June 21 at 1:04 AM EDT is the Summer Solstice this year. This is an astronomical fact to be sure but it also carries a psychological meaning for us as the seasons shift again, constantly expressing the Great Round of the solar year and reminding us that life is a cyclic process; an interplay of light and dark.
The Summer Solstice is the day of longest light. The Sun in its apparent journey northward arrives at it northernmost point, the amount of daylight climaxes, and from this moment on, the Sun begins its long trip southward trailing diminishing sums of daylight. The Sun’s gift to us then is leaving the northern hemisphere warm and luxuriant in the full bloom and beauty of the natural world.
Light has traditionally been associated with consciousness, differentiation, spirit, and focal awareness. Most recently in the western tradition, it’s been reflected upon Christ as the Light of the World, and before that Mithra, solar deity of the Roman Empire. In classical Greece, Apollo was associated with the human longing for beauty, youth, order, beauty, music, and harmony. Clarity, discipline, and reason were given to Apollo. He is the quality of rational consciousness. He is with us when we see better in the light of day and matters by the light of reason.
When I was small I recall how much time I spent outdoors and how wonderful the Sun was to me. I welcomed summer. I’d get up early, go out and stay until day’s end, playing, lazing, and exploring the world around me. It seemed our entire culture worshipped those sunny days.

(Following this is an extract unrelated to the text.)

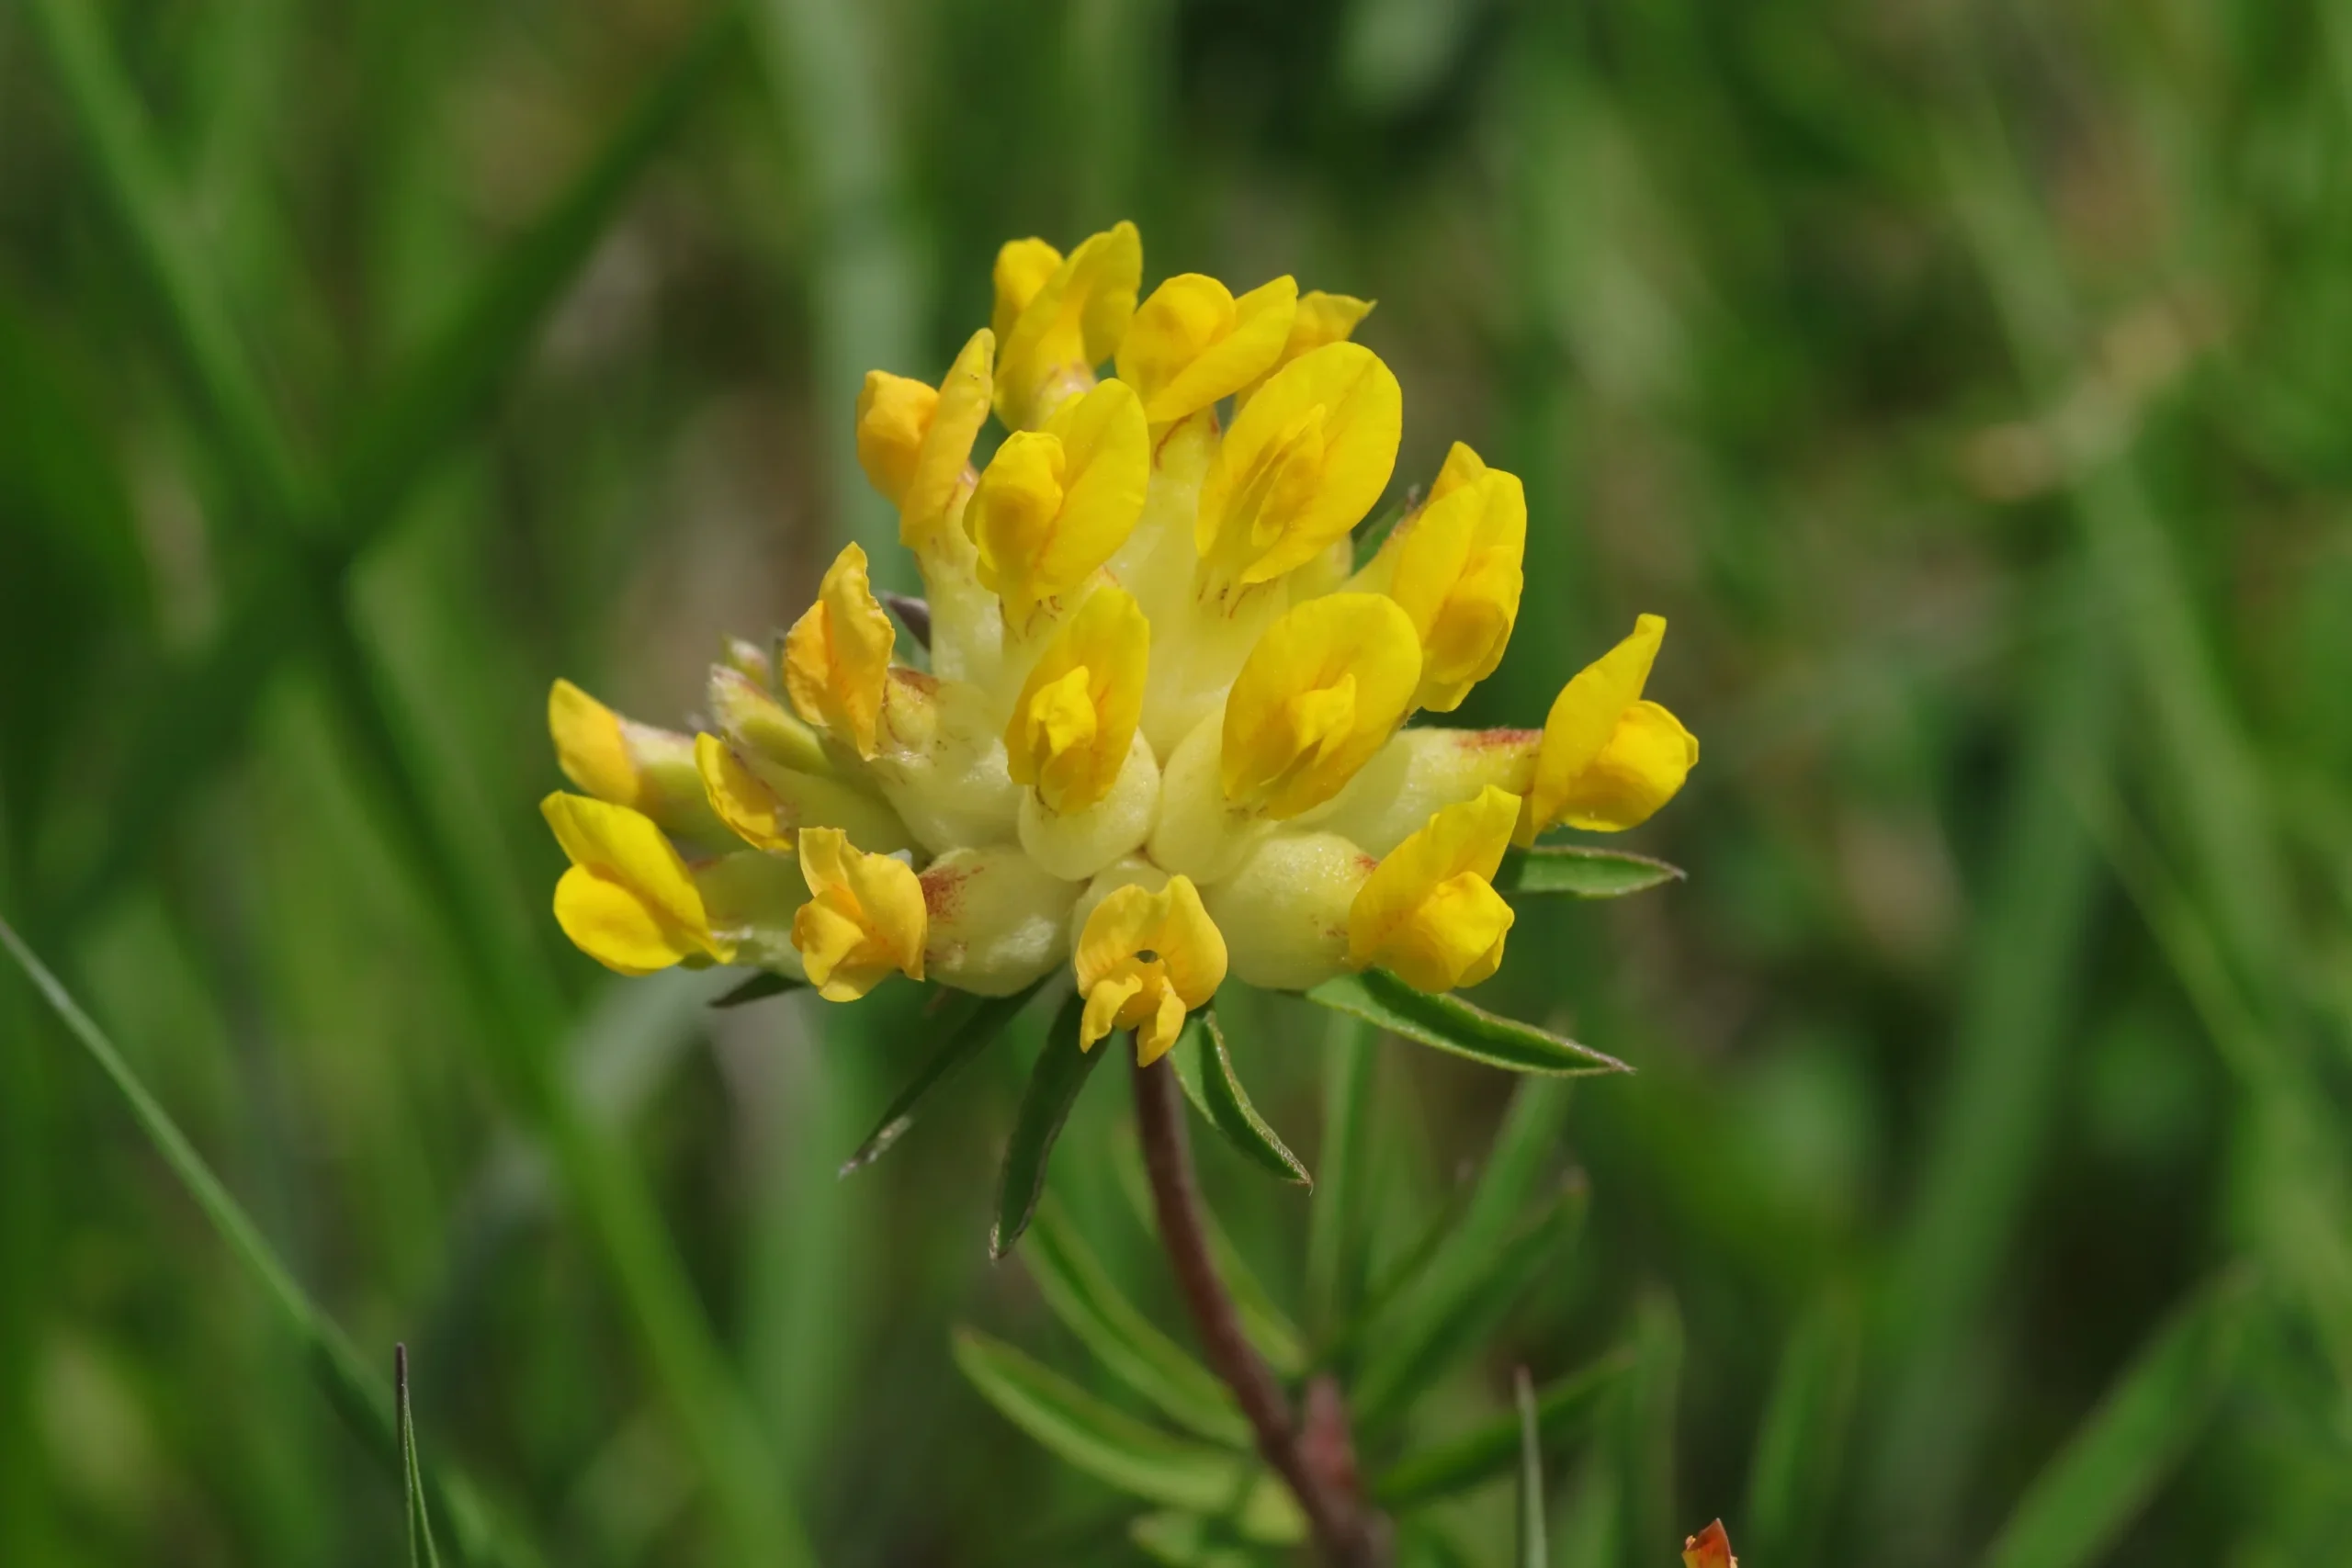 Echter Wundklee - Blüte im Detail. Die gelben Blütenstände bestehen aus einer Vielzahl von einzelnen schmetterlingsförmigen Blüten.

Today I’m struck by how attitudes have shifted 180 degrees regarding Sol. Rather than healthy and life-giving, we issue cautions about the Sun as if he were an enemy. We are told to limit the amount of time in his presence, screen ourselves from direct contact with his power. Have we in the end spent too much time at his altar, become too relaxed in his presence, so secular that we have forgotten his divinity?
We are seeing now how we have dishonored his visitations with our excesses; the inevitable result, the increasing rates of skin problems and cancers found in sun worshipers and non-worshipers alike. In our excesses, have we become an inflated solar culture placing too much reliance upon Apollonian rationality at the expense of other styles of being in the world? Do we now worship the god of reason and order while neglecting the gods of Chaos, Night, and Imagination?
Summer brings culmination and full bloom. The world is in bright display, everything is in its moment, brilliant and shining. Light is a wonderful blessing in its proper proportion. Despite this as we all know, light can also be overbearing, glaring, flaring, searing, burning, sparking, and blinding. Icarus and Bellerophon in coming too close to the Sun vividly remind us in their plummeting that humans are not destined to be gods. It is important to remember that making observance from the proper distance keeps humility close at hand and helps avoid hubris.
The Sun is a great blessing and without it we would not be here. The Summer Solstice is Light’s yearly triumph before giving way to its seasonal decline and eventual submission to the power of Night. The Solstice is our day in the Sun, our moment in the spotlight. Let us celebrate Sol’s climax and celebrate ourselves as the season of warmth and heat blossoms and then recognize and accept his eventual decline. Other divinities have their claims upon us throughout the day and throughout the turning of the year and they also require honoring. “To everything there is a season…” Have a nice Solstice.